Exploring linked NPIs & Open Payment IDs
The linkage of the NPIs to Open Payment IDs allowed me to work through the Prescriptions database to compare the mean brand-name prescribing rates of doctors who received and did not receive payments within the same specialty. Using an unequal variances t-test (Welch's t-test), I performed a statistical analysis on each specialty to see if payments affected the mean rate of brand name prescriptions being written. To ensure the data utilized for each specialty was sufficient to serve as an indicator of the population, I only analyzed specialties where there were at least 30 doctors in both the unpaid and paid groups. Through this analysis, I was able to find statistically significant results displaying that within the specialties of Family Medicine, Internal Medicine, and Opthalmology displaying that doctors in these specialties who received payments were writing brand-name prescriptions at higher rates than their colleagues who did not receive payments.
Search Function
Limitations
Correlation & Causation
It is important to note that this analysis is not all-encompassing and has many limitations which could significantly alter its results.
- Generic Alternatives
A factor that I was not able to account for was checking if there are any current generic alternatives for the name-brand drug a doctor prescribed. This is important as doctors who have to prescribe their patients' medications without any generic alternatives would naturally have higher brand name percentages compared to those with the choice to prescribe generic alternatives. - Medicare Part D
The prescription data was drastically limited to only a small subset of the entire American population. Since these prescriptions were mainly written for an older population and certain people with disabilities, it is unlikely to be indicative of the medications prescribed for the entire American population. Results may differ if the analysis was able to encompass data for all prescriptions written rather than just Medicare participants, however, brand-name versus generic prescription rates would likely remain constant. - NPI linkage
Since the focus of this study was on the doctors who received payments and had written Medicare Part D prescriptions, NPIs for doctors not appearing in the Medicare Part D Prescriptions dataset were not considered. Only doctors who were a part of the Medicare Part D dataset and had received payments were included in this analysis. - Confounding Factors
It's important to understand several other factors may have influenced doctors to write a greater or smaller number of brand-name prescriptions beyond those incorporated within this analysis. Whether it be a doctor's patient base, location, drug recalls, or other external forces without more information it is hard to determine whether receiving payments truly affects the number of brand-name drugs a doctor prescribes. The findings simply show a correlation between the two but do NOT imply causation.
Future Plans
Work In Progress
- Adding More States
I would love to add more states beyond my home state of New Jersey to the search function. This would allow nearly the entire population to search and find their doctor.

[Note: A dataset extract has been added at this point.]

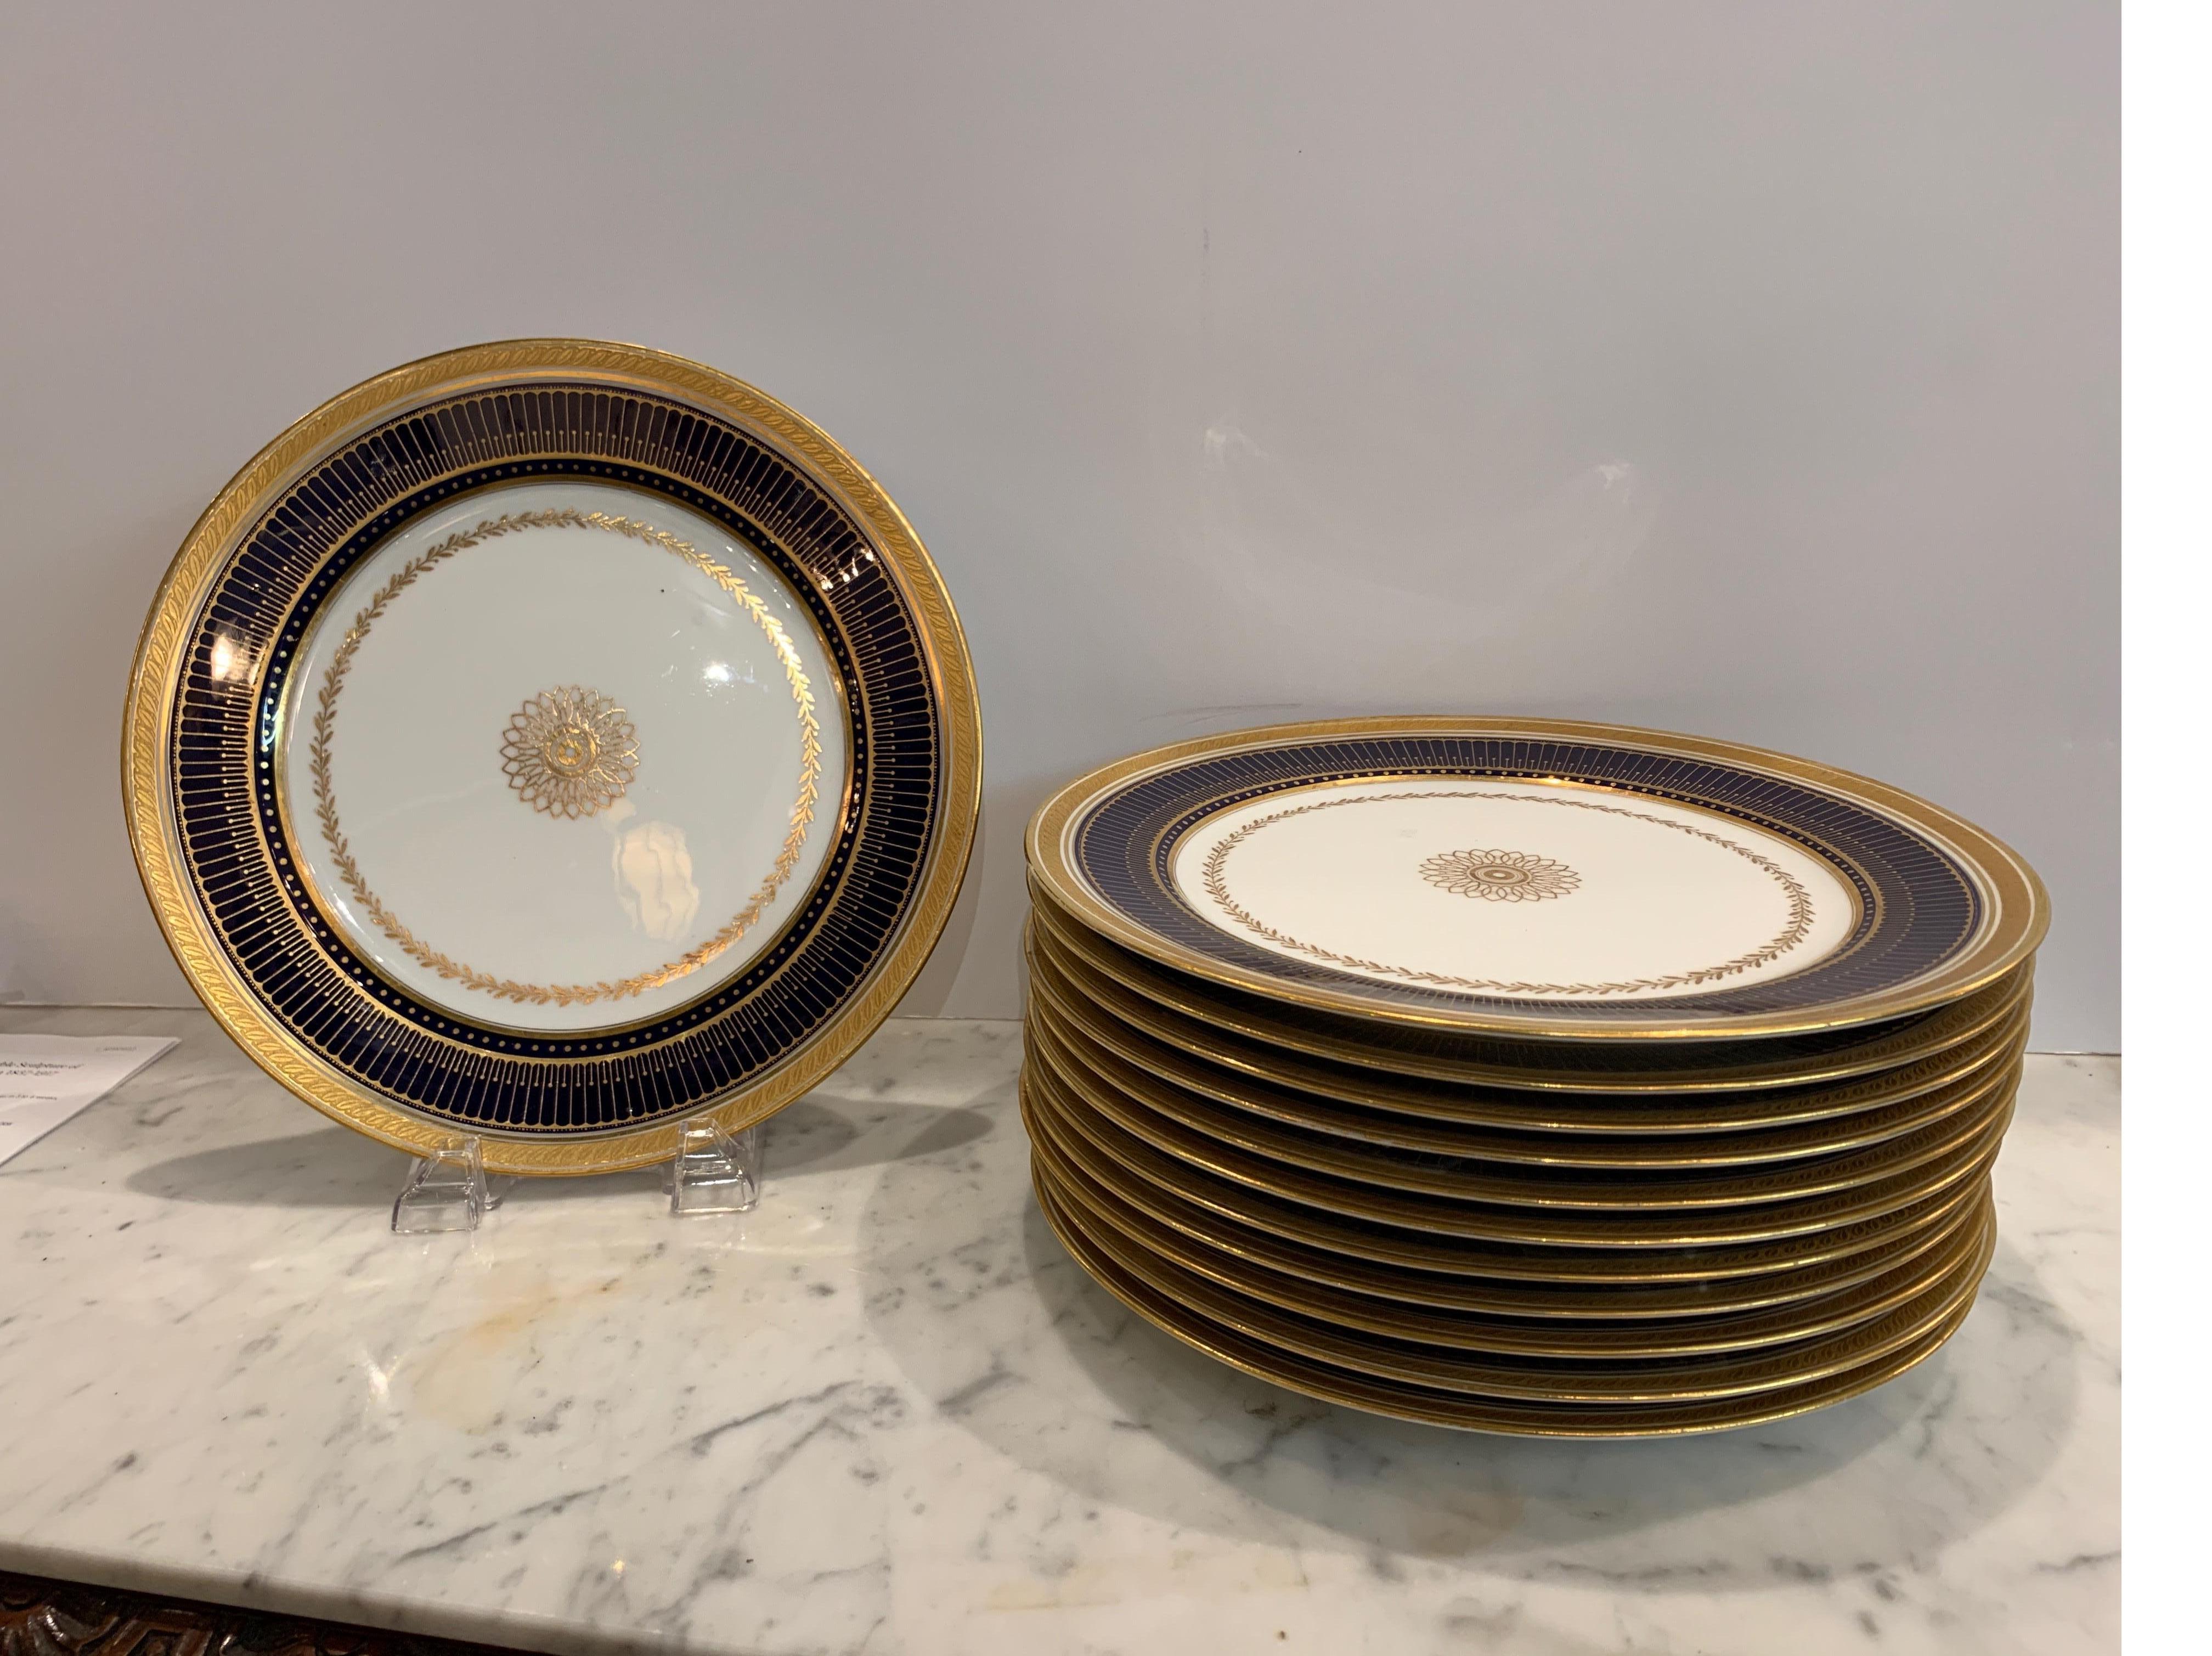 Set of twelve gold gilt and cobalt service plates BWM & Co For Gillman, NYC,
circa early 1900s in very good original condition.

However, due to the limitations of the web hosting service regarding the amount of data necessary for the payments and prescriptions information, this will likely remain an offline feature. - Classification/Prediction Engine
With the preprocessing and connection of the datasets complete, a classification engine could be built to identify the doctors most influenced by payments. These doctors would be the ones who prescribe brand-name drugs at higher rates due to the payments they receive compared to the mean doctor in their specialty. This could also be taken a step further and turned into a prediction engine to determine which doctors not included in this study would fall into this category. On the flip side, this would also be useful for companies looking for doctors to target.